Aunque en apariencia las políticas de empleo ocupan un lugar secundario respecto a las
políticas económicas y sociales, realmente están cumpliendo hoy una tarea de
importancia: movilizar laboralmente a los colectivos desempleados situados al margen
del mercado de trabajo. Esta labor de normalización del conflicto social que supone el
paro y, por otra parte, de adiestramiento y colocación de la oferta de mano de obra para
las empresas es el principal cometido de las políticas de empleo.
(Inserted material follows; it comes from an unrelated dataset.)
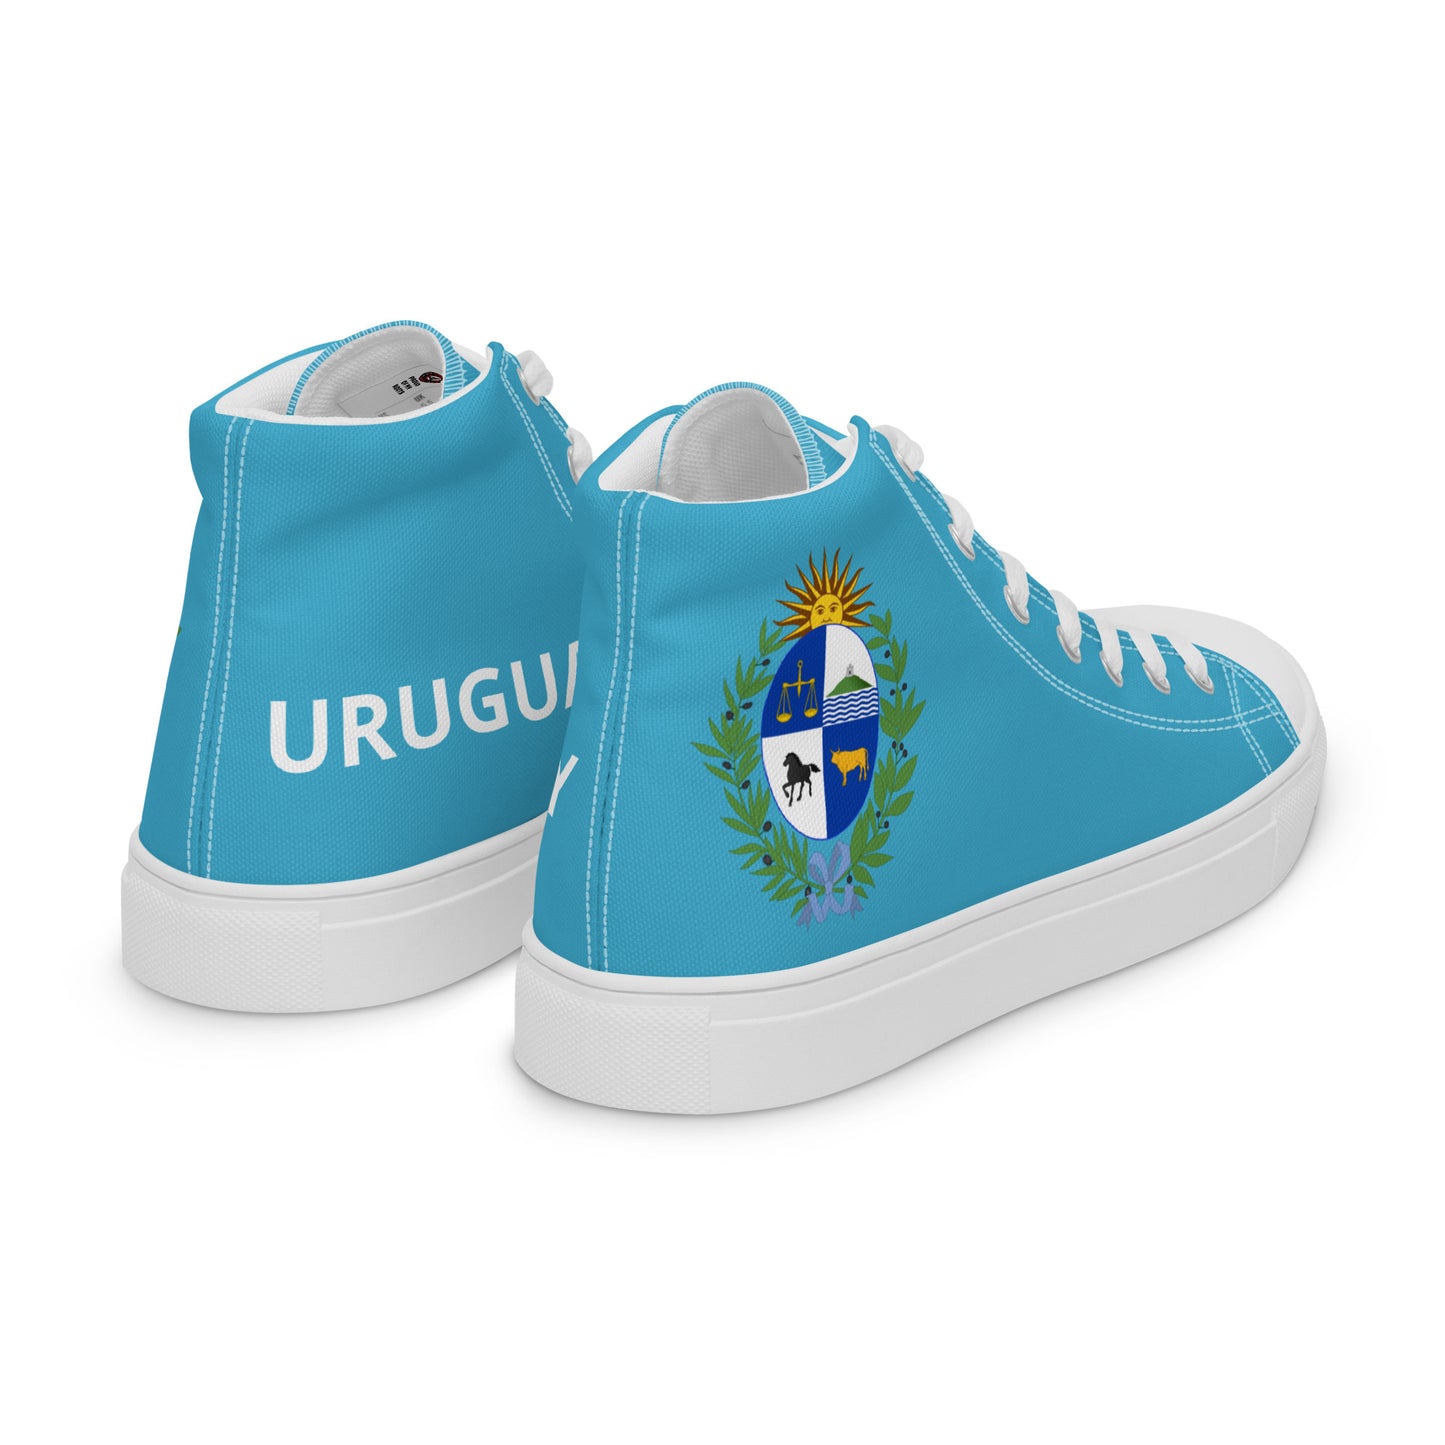 Uruguay - Women - Sky - High top shoes

Realmente, estas son
sus funciones y es por ello que ha sido muy infrecuente encontrar intervenciones más
decididas en este terreno de lucha contra el paro, reiteradamente expulsadas al campo de
lo alternativo o lo utópico: redistribuir-reorganizar el tiempo de trabajo; dificultar la
lógica del ajuste de plantillas, sobre todo en empresas con beneficios; penalizar la
flexibilidad generadora de precariedad laboral; no externalizar los costes de la
implantación tecnológica más agresiva con el empleo; tasar las operaciones financieras
especulativas; atacar la discriminación laboral de las mujeres por parte de la empresa,
esta resulta ser el núcleo duro de la discriminación a través de sus procesos de selección
y de la reproducción de los estereotipos y las desigualdades por el poder de sus cúpulas
masculinizadas. Todas estas propuestas, prometedoras y seguramente eficaces, son un
ejemplo de cómo podría avanzarse en una política de empleo responsable que no esté en
manos de las mentalidades proempresariales. La empresa innova mucho en calidad de
los productos, pero no puede dejarse en sus manos la calidad del empleo.